## Interest

Interest mathematics.

Simple interest. You should know the formula I = Prt, interest equals principal * rate * time.

The amount at the end of the time period is A = P + Prt = P(1+rt).

A better deal is to get compound interest, in which the interest is tallied up on a regular basis, then added to the amount deposited.

We typically represent the amount deposited as P, the interest rate (per year) as r, the number of years as t, and the number of time periods per year as n.

Consider $1000 invested at 12% for a period of 10 years. For simple interest, the amount on deposit at the end of 10 years will be 1000(1+.12*10)=2200.00.

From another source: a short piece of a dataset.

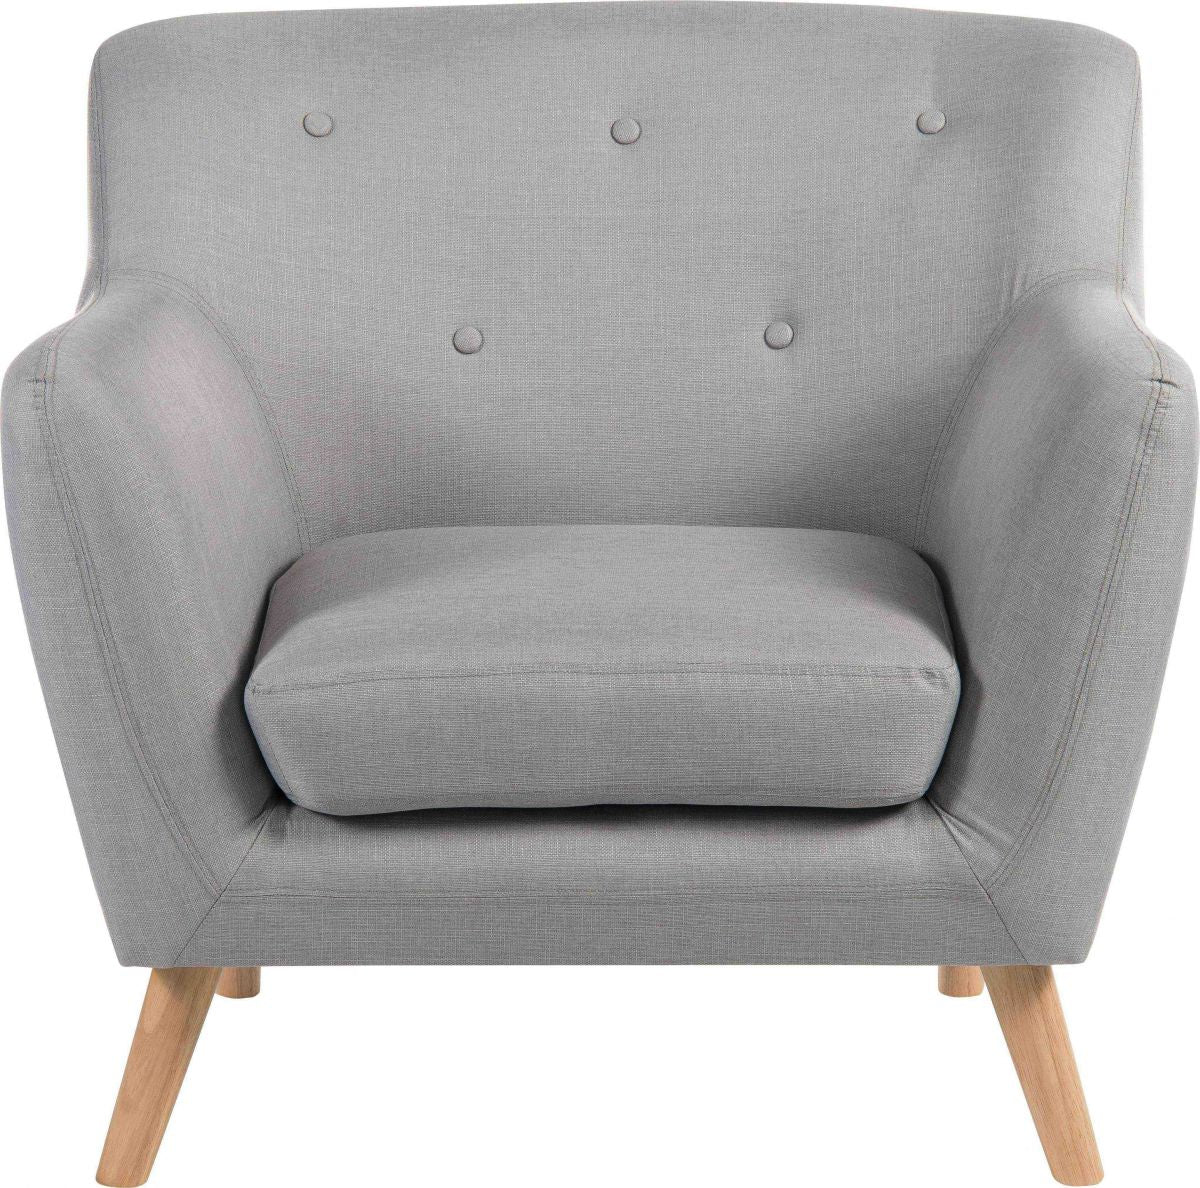 Classy Grey Fabric Sofa with Wooden Legs - One, Two or Three Seat Available - SKANDI

If the interest is compounded annually, one will get the interest at the end of the first year added in. After one year, one has 1000(1+.12). This figure is used for computing the amount at the end of the second year, which is then 1000(1+.12)^{2} =$1254.40.

Do you see where this is going? After 10 years, we have

1000(1+.12)^{10}. = 3105.85.

If the interest is compounded quarterly, we have

1000(1.03)^{40} = $3262.04.

Note that .12/4 = .03 and 10 * 4 = 40.

Suppose the interest is added in every month. After one month, one has

1000(1.01) =$1010.

After a year,

1000(1.01)^{12} = $1126.83.

After 10 years,

1000*(1.01)^{120} =$3300.39.

Some interest uses what is called continuous compounding. In continuous compounding, the interest is accumulated as it is earned. Continuous compounding does not do continued multiplying which is shown above. Instead of multiplying, we use the number e (named for Leonhard Euler). e = 2.7182818…. e has its own key on the TI: it is above the divide key.

We raise e to a power; this key is found to the left of the 4 key.

The theory behind the number e is properly the subject of calculus, as e is defined by using a limit process. Limits are defined and used in calculus. Here I just show you how to use e.

Some of you have already met what is called the pert formula: A = Pe^{rt}.

In this formula P is the amount invested at the beginning of the time period, e is Euler’s number, r is the annual interest rate (as a decimal), and t is the time (in years).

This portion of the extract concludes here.